The main challenge the program faced was how to generate a new word when fed a bunch of new sentences. Starting in 2018, Hyena was able to achieve comparable accuracy to OpenAI’s original GPT program with 20 percent fewer computational operations, the researchers wrote. It is the first attention-free convolutional model that matches the quality of GPT.

Next, the authors tested the program on an inference task called SuperGLUE, introduced in 2019 by academics at New York University, Facebook AI Research, Google’s DeepMind division, and the University of Washington.

For example, when given the hypothesis “my body is casting a shadow on the grass”, and given two reasons for this phenomenon: “the sun has risen” or “the grass was cut”, and asked the program to choose one of them For reasonable reasons, it will output “The sun is up” as the output text.

When dealing with multitasking, the Hyena model scores at or near the GPT version’s score, yet it uses less than half the training data as GPT. Even more interesting is what happens when the author tries to increase the length of the input string and finds that the more characters, the better the performance and the less time it takes.

Poli and team believe that they not only tried a different approach with Hyena, but also solved the problem of quadratic computational complexity, making a qualitative change in the difficulty of the program’s calculation results.

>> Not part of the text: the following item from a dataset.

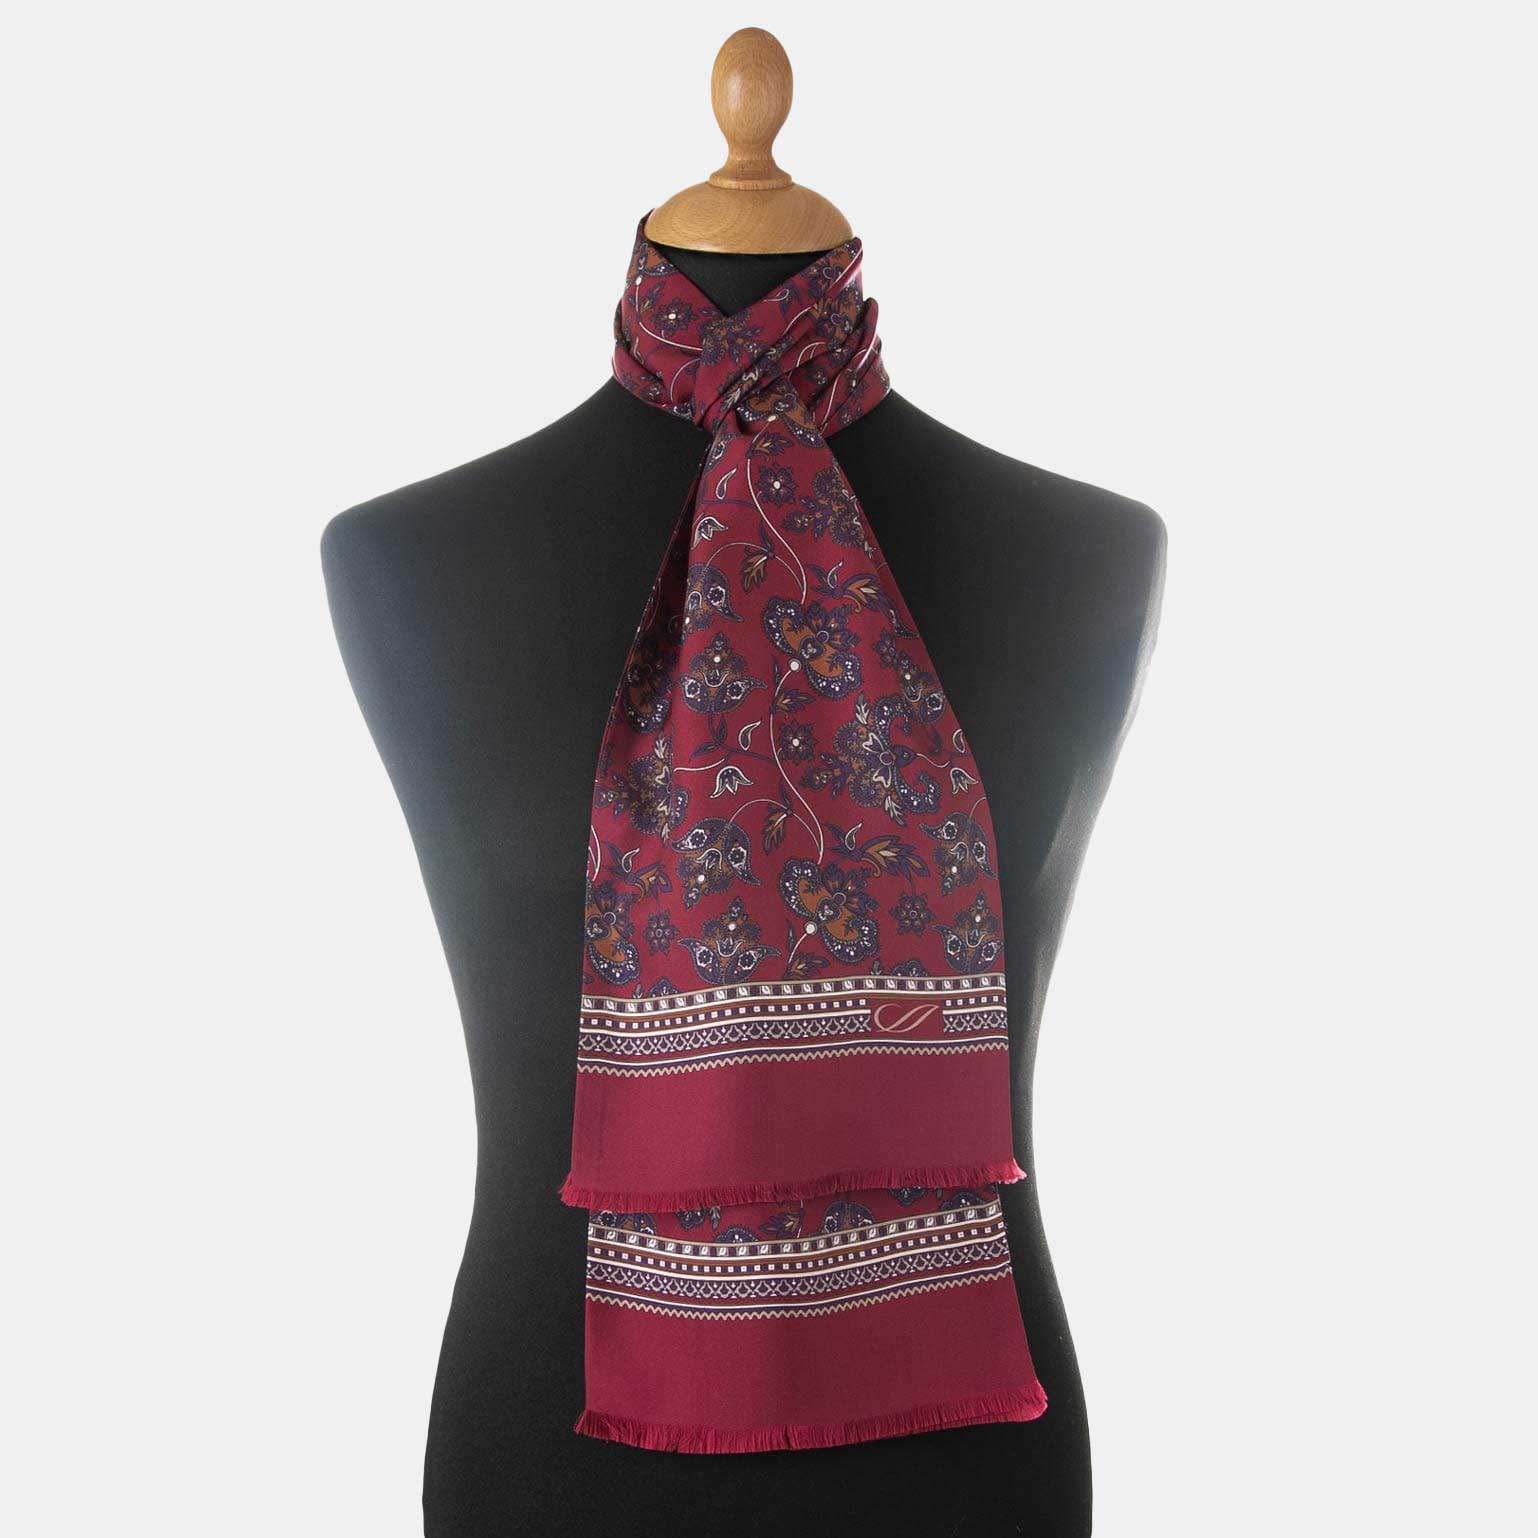 https://elizabetta.net/cdn/shop/products/luxury-burgundy-silk-dress-scarf-made-in-italy_fdac05ee-9f2e-477d-a49e-2abd640b86fe_2048x.jpg?v=1704698348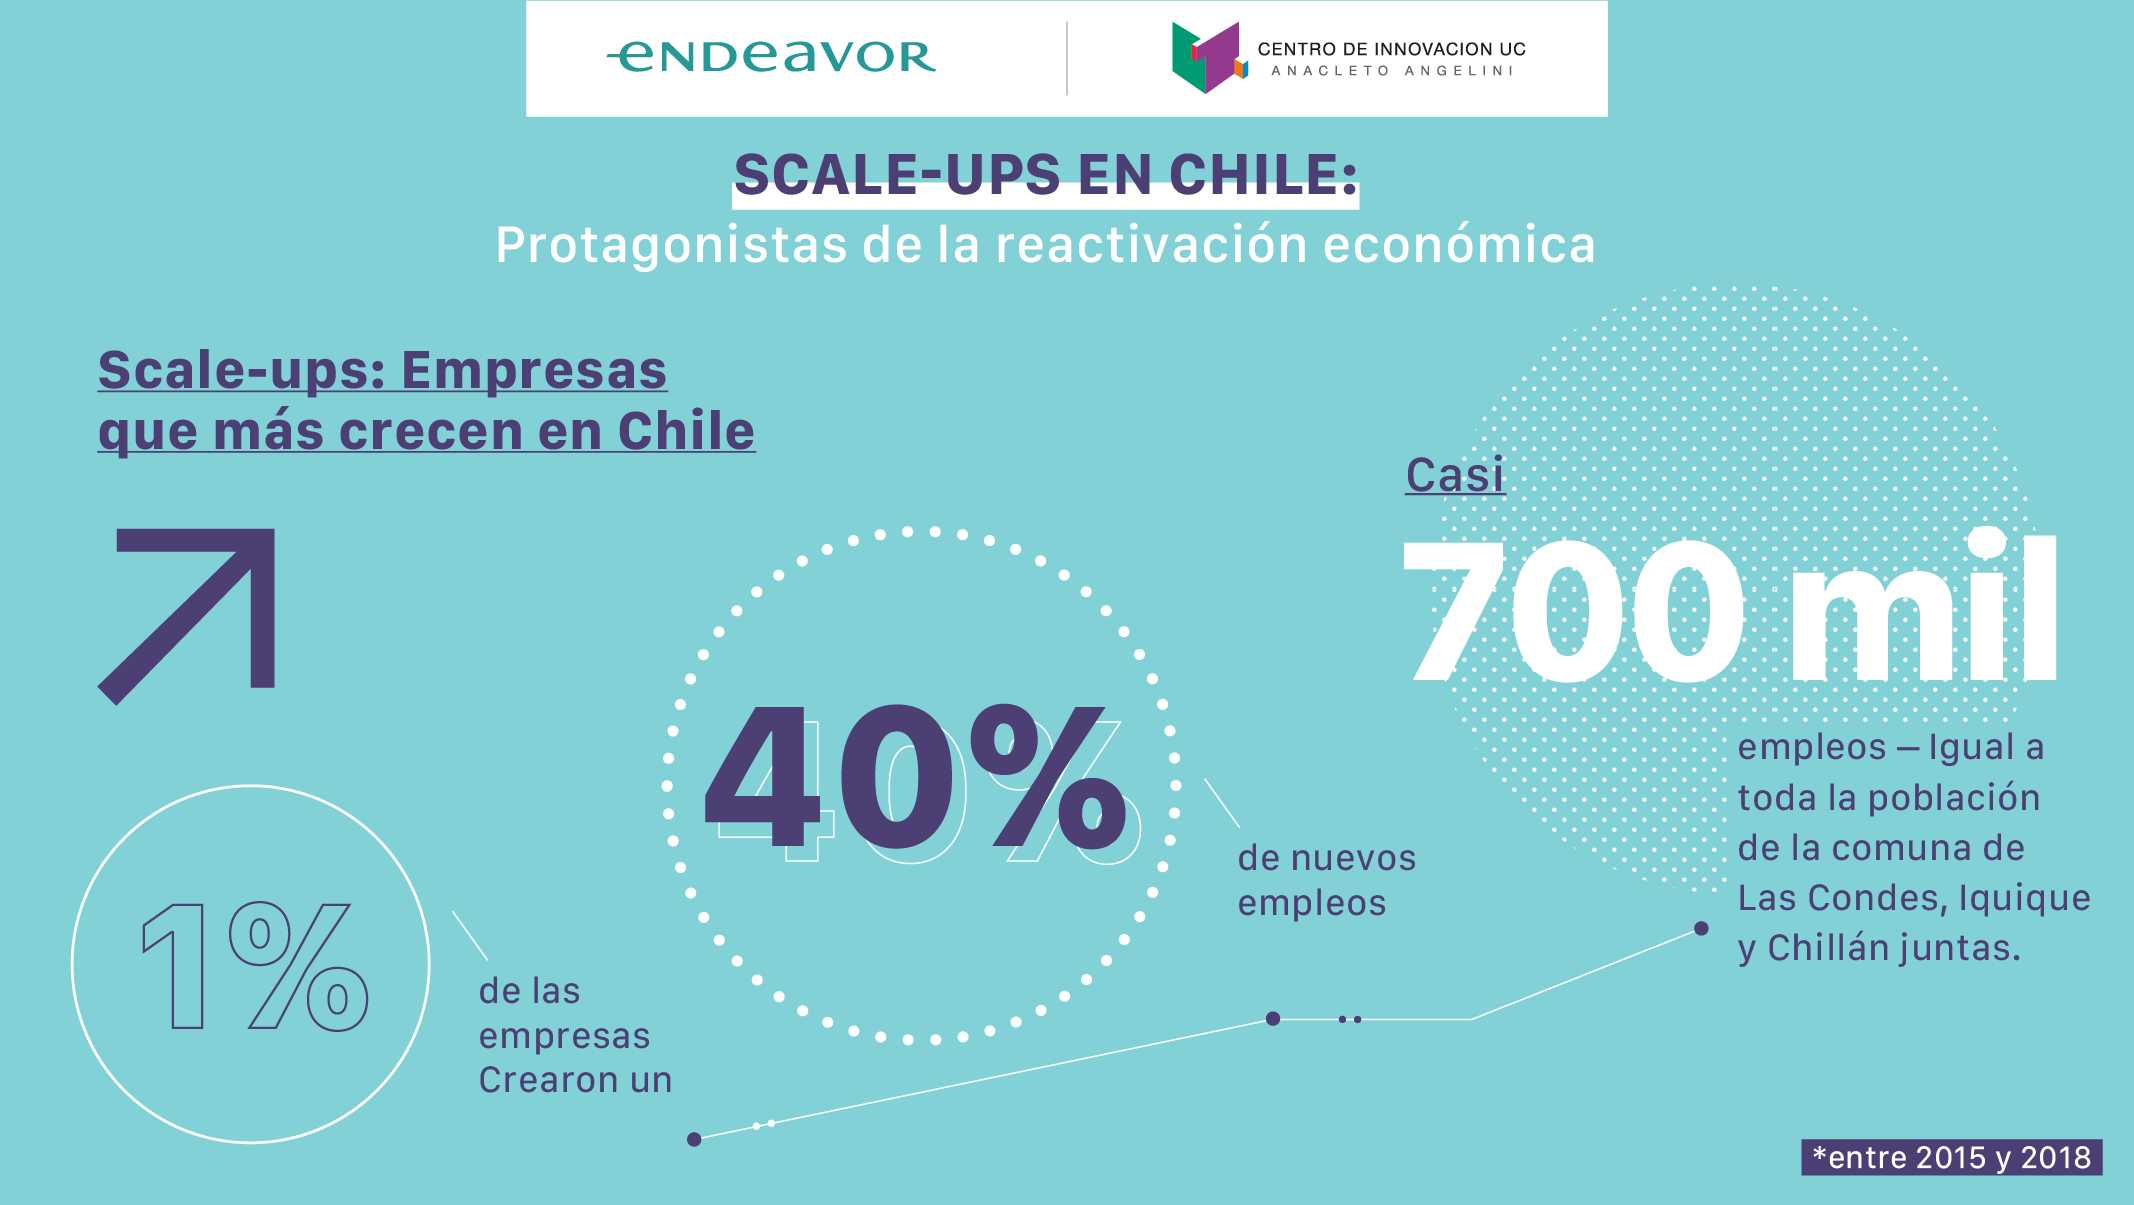 Estudio de Endeavor y Centro de Innovación UC: Las scale-ups son el 1% de las empresas en Chile y crearon un 40% de los empleos

Down the road, they believe, breaking the quadratic computing barrier is a critical step toward deep learning, for example using entire textbooks as contextual cues to compose long pieces of music or process gigapixel images.

The authors wrote that Hyena was able to use a screening program that could more efficiently scale up to tens of thousands of words, meaning there was virtually no limit to the context of the query language program, which could even recall text or the content of previous conversations.

They propose that Hyena is not artificially limited and can learn any element of the “input prompt”. Furthermore, besides text, the program can also be applied to different forms of data, such as images, and perhaps video and sound.

It is worth noting that the Hyena program shown in the paper is small compared to GPT-4 or even GPT-3. GPT-3 has 175 billion parameters or weights, while Hyena has at most 1.3 billion parameters. Therefore, it remains to be seen how Hyena performs when compared comprehensively to GPT-3 or GPT-4.

But if the Hyena program also proves to be efficient on a larger scale, the program could become widely popular—comparable to the popularity that attention mechanisms have achieved in the past decade.

As Poli and his team conclude: “Simpler quadratic models, such as Hyena, based on a simple set of guiding principles and mechanistic interpretability benchmarks, can be the basis for large efficient language models.”